I like the scene where we do a little dance off. Where I challenge him and I say, ‘ni**as always looking to have a good time. He’s doing a little dance and blowing the horn and making fun of me… and Toledo just finally – and this happened in the moment as we were filming, we didn’t rehearse this – the old man (speaking of himself) says, ‘I can have a good time as much as the next man, and starts dancing… we had a good time with that moment.

Boseman died on August 28 of this year from colon cancer that he was diagnosed with four years ago.

Potts on his character Slow Drag:

What I love about him is that he loves the men in this room. He loves being in this room. He doesn’t want to be in this room. He’d like to get out of this room and out of Chicago. But he truly enjoys the camaraderie of being amongst his brothers. The four of them, and the fun they can have in this hot, claustrophobic room with egos and masculinity popping off. There’s something very fun about that.
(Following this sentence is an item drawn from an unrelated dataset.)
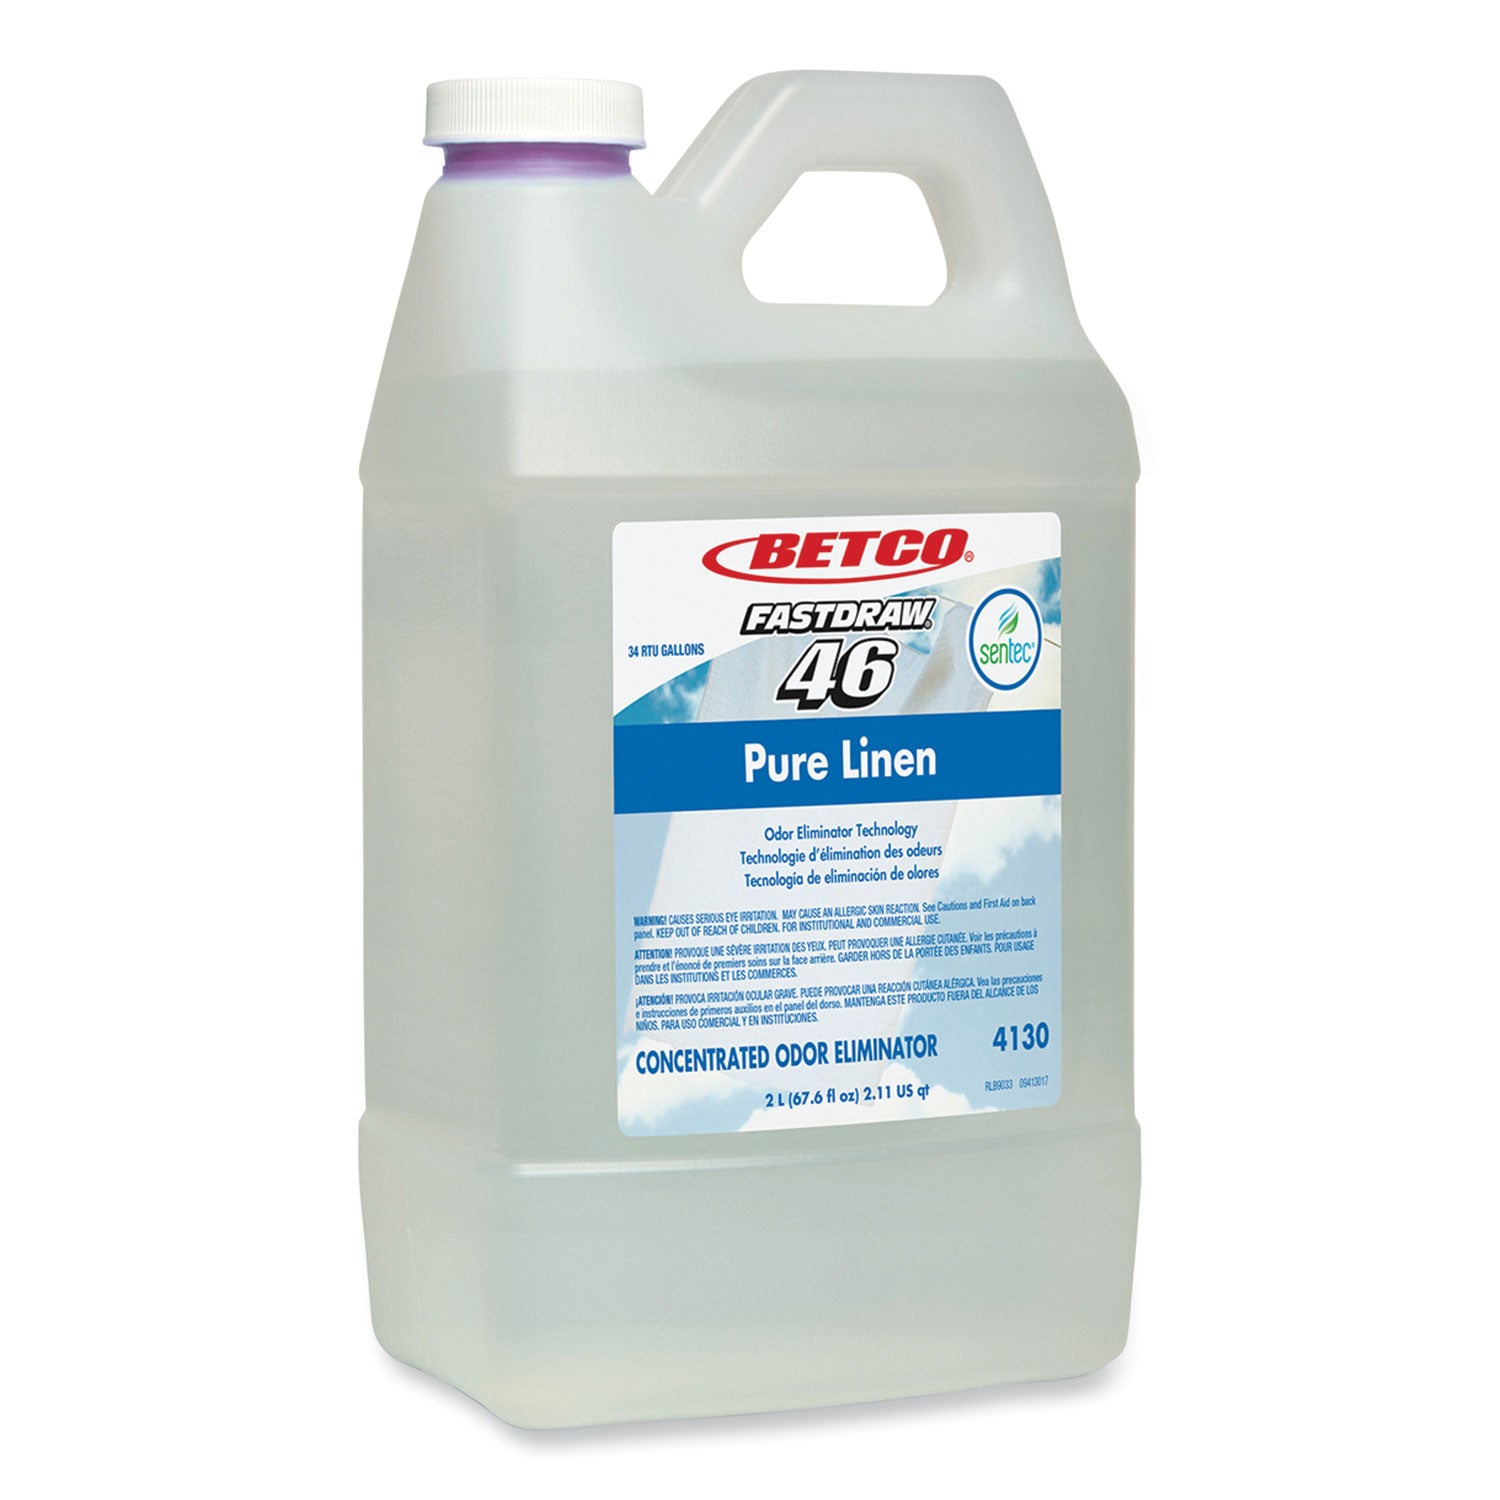 sentec-pure-linen-concentrate-odor-eliminator-pure-linen-scent-2-l-bottle-2-carton_bet4130b200 - 1

Coleman on the important themes in the film:

I think there is something very powerful about seeing four Black men together in a room. It’s jocular, it is sincere, raw, honest. August Wilson writes the way Black people actually speak to each other, especially when white people aren’t in the room. I think it’s a beautiful way to examine Black men, and also an examination of a very fierce Black woman who is very self-possessed. She demands her worth. And I think that’s what we’ve all been fighting for… I think it really percolates in this film.

The film begins streaming on Netflix December 18.